Data for this task:
┄┄┄┄┄┄┄┄┄┄

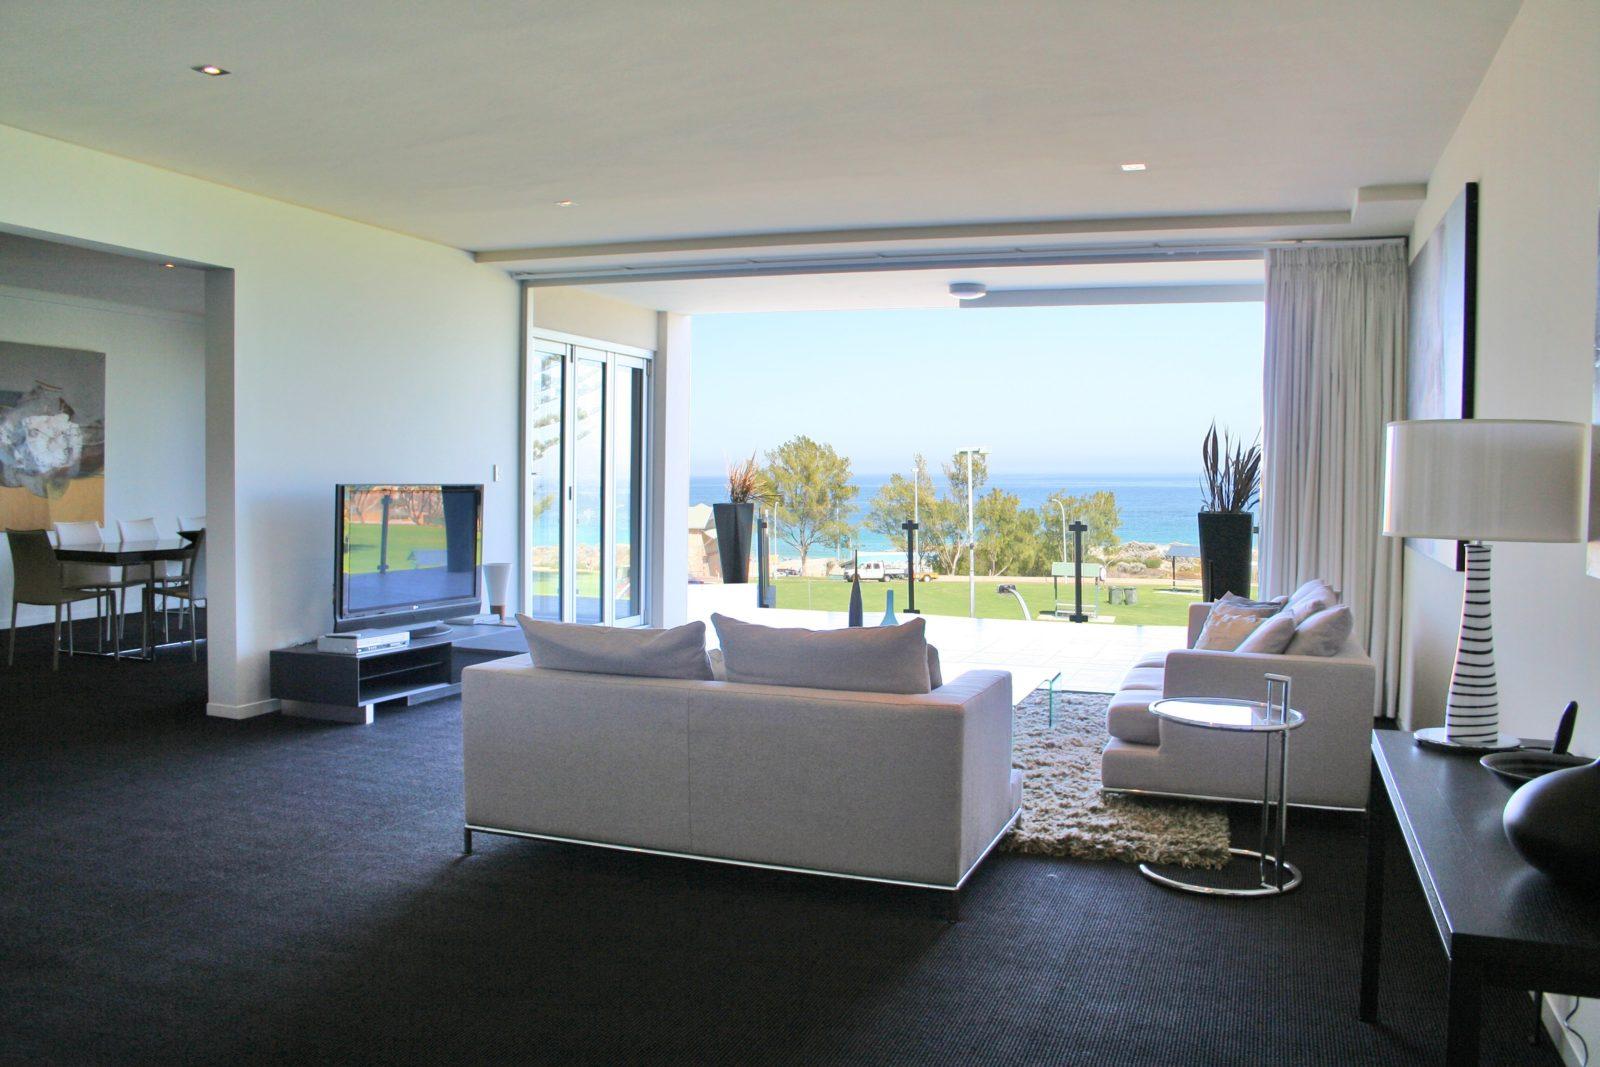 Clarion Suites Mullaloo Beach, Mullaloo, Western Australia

┄┄┄┄┄┄┄┄┄┄

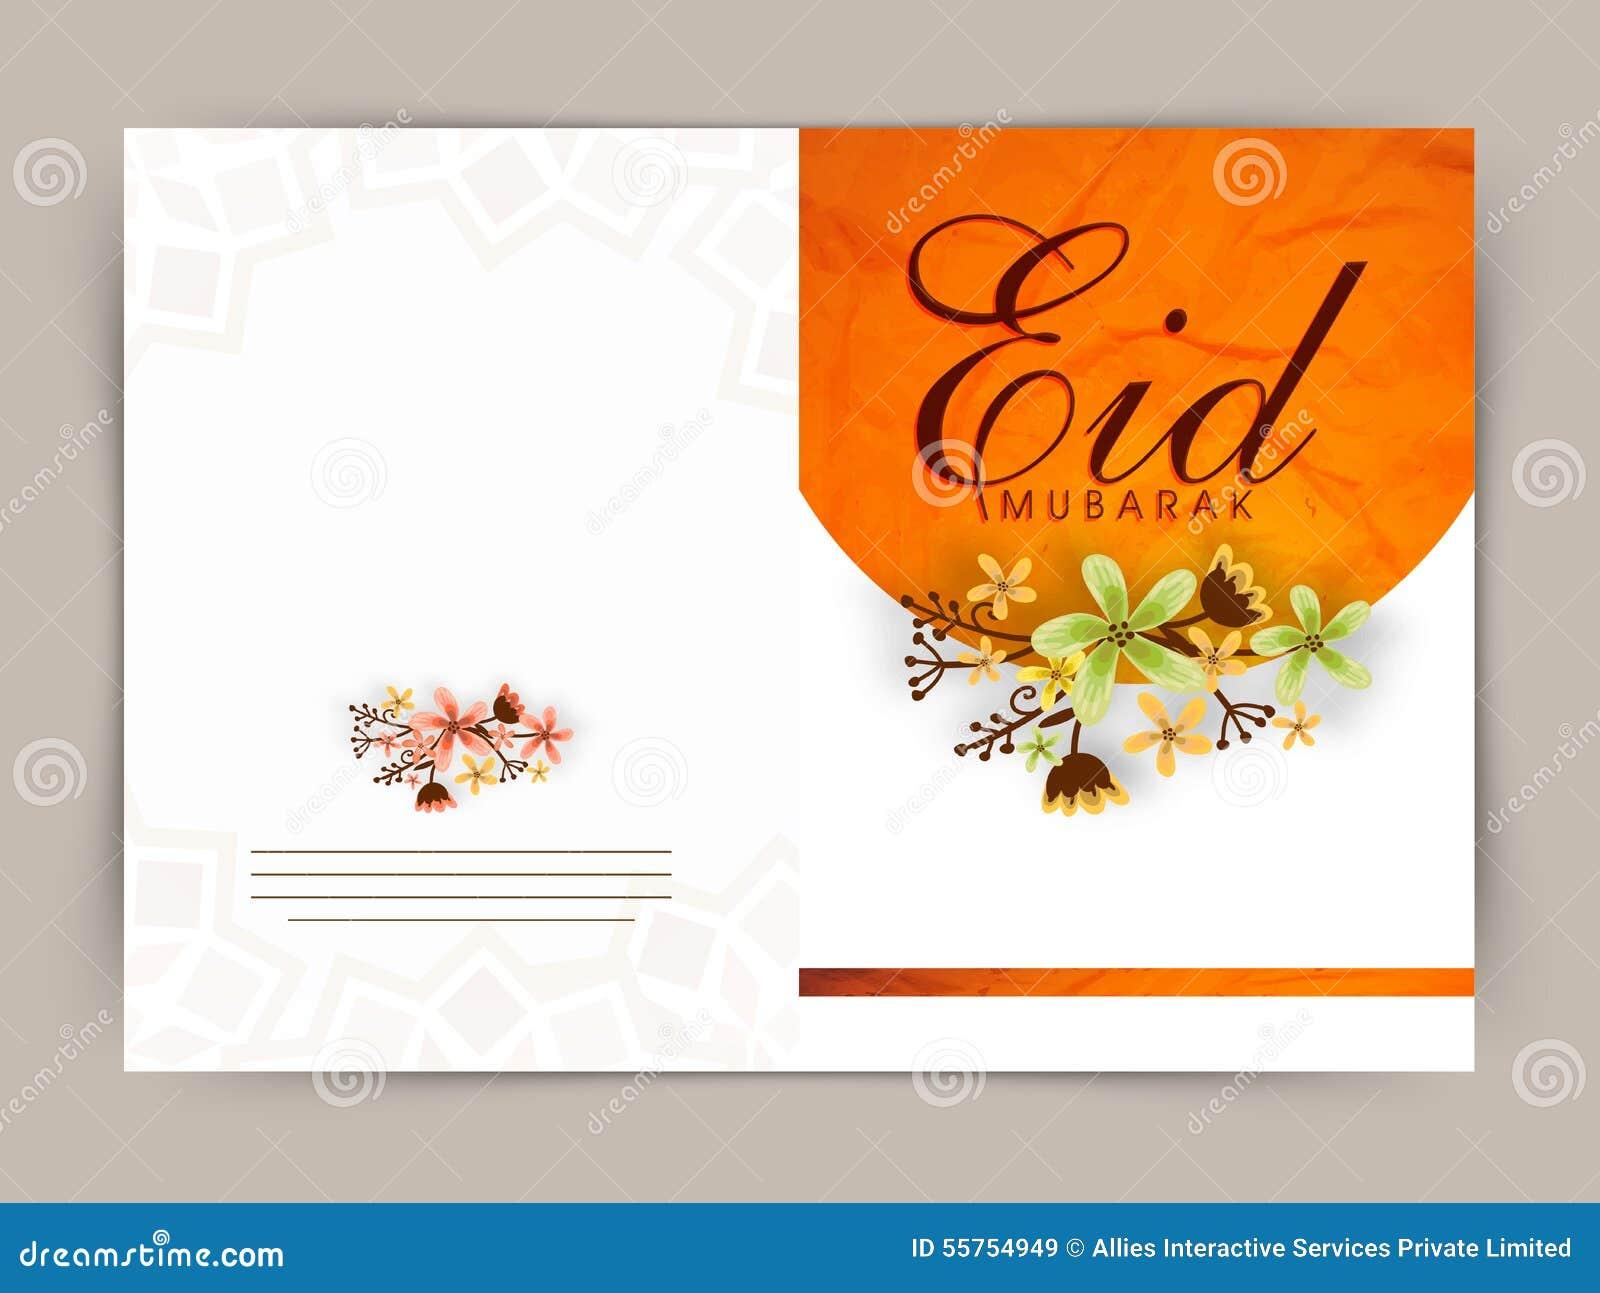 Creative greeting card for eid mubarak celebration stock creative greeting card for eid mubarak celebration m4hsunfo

┄┄┄┄┄┄┄┄┄┄

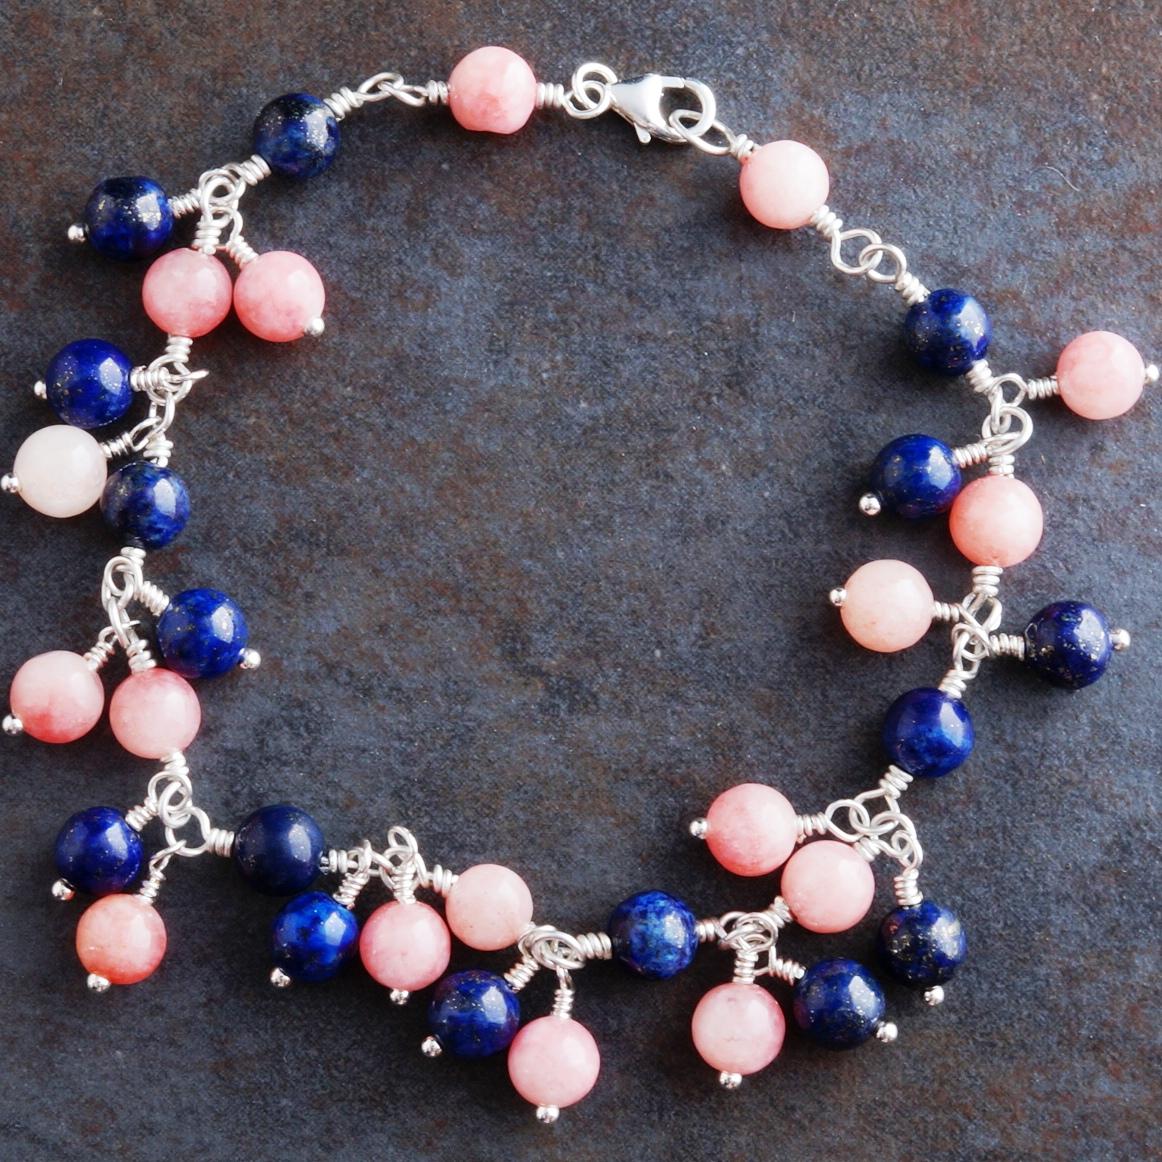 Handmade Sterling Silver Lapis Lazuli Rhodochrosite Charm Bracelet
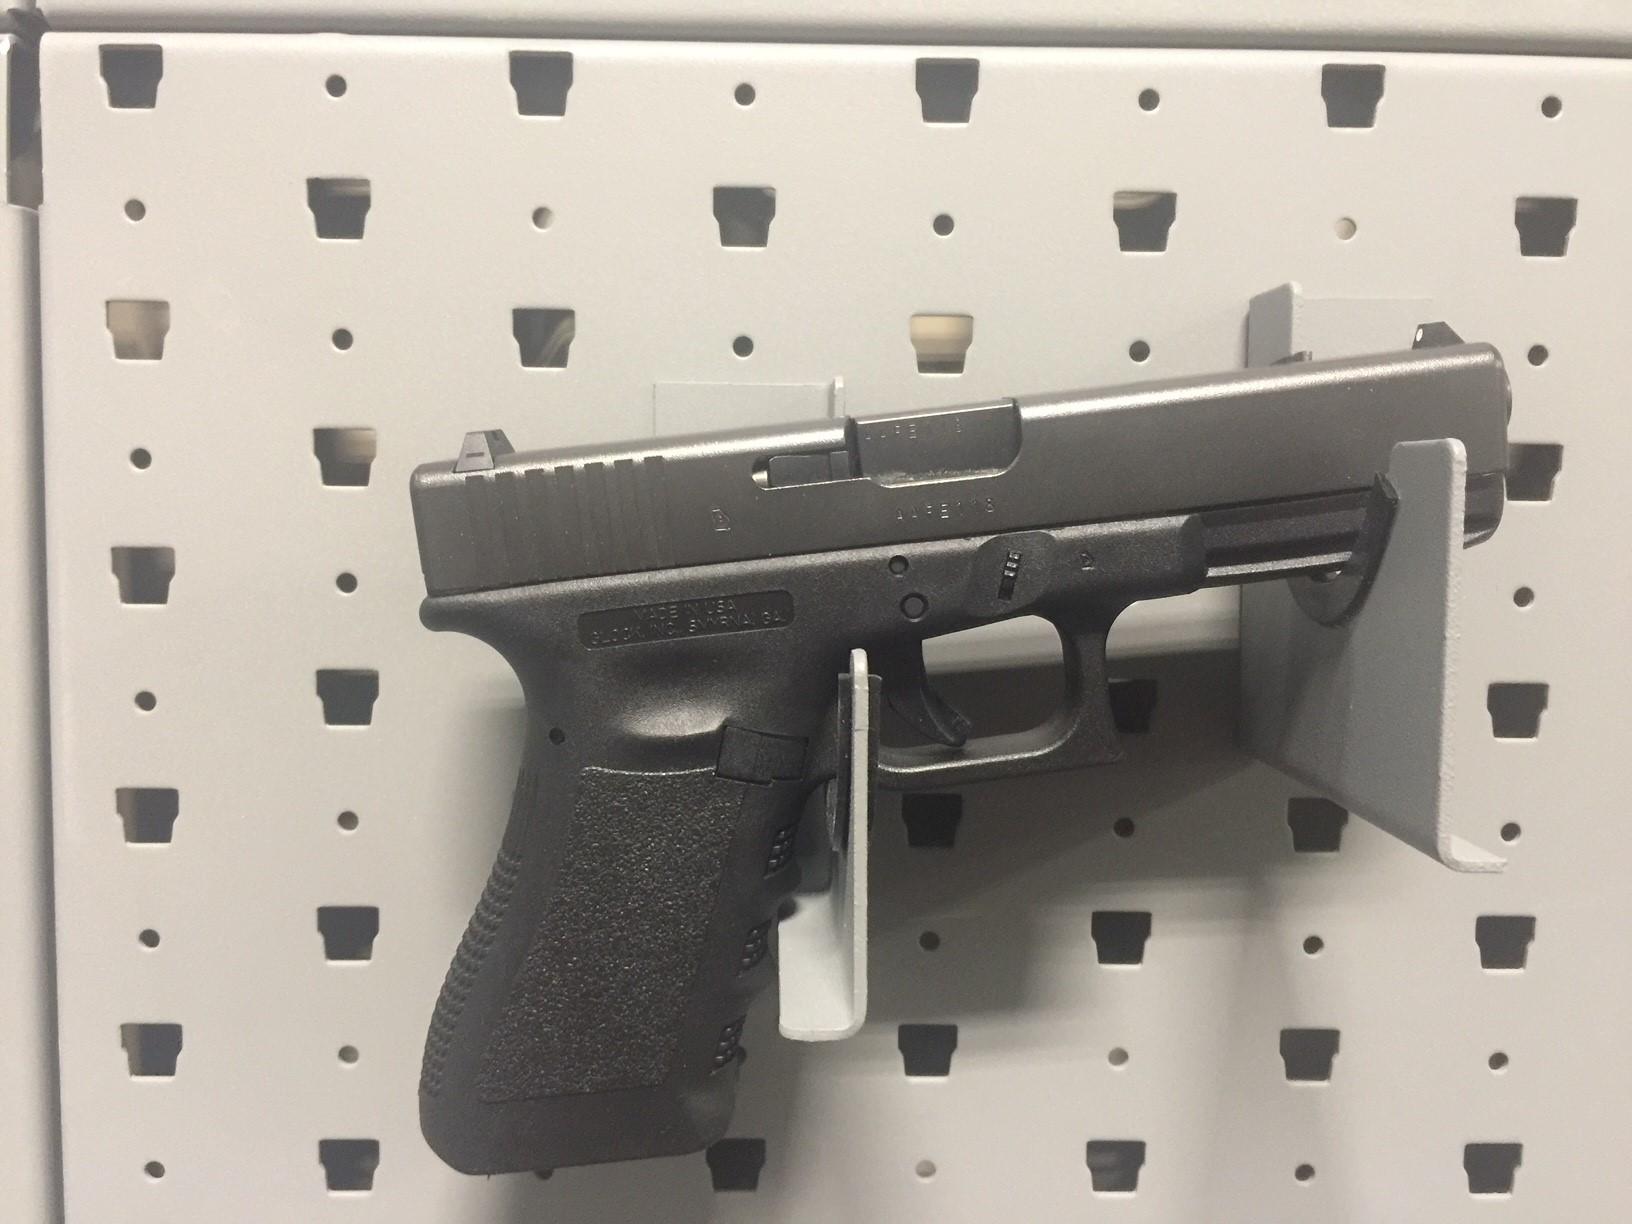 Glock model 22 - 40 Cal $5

┄┄┄┄┄┄┄┄┄┄

Task details: Give back exactly, and solely, the section of the data above bounded by the line containing "Handmade Sterling Silver" and the line containing "Glock model 22 - 40 Cal $5", both bounding lines included and pictures omitted.

Answer below:
 Handmade Sterling Silver Lapis Lazuli Rhodochrosite Charm Bracelet
 Glock model 22 - 40 Cal $5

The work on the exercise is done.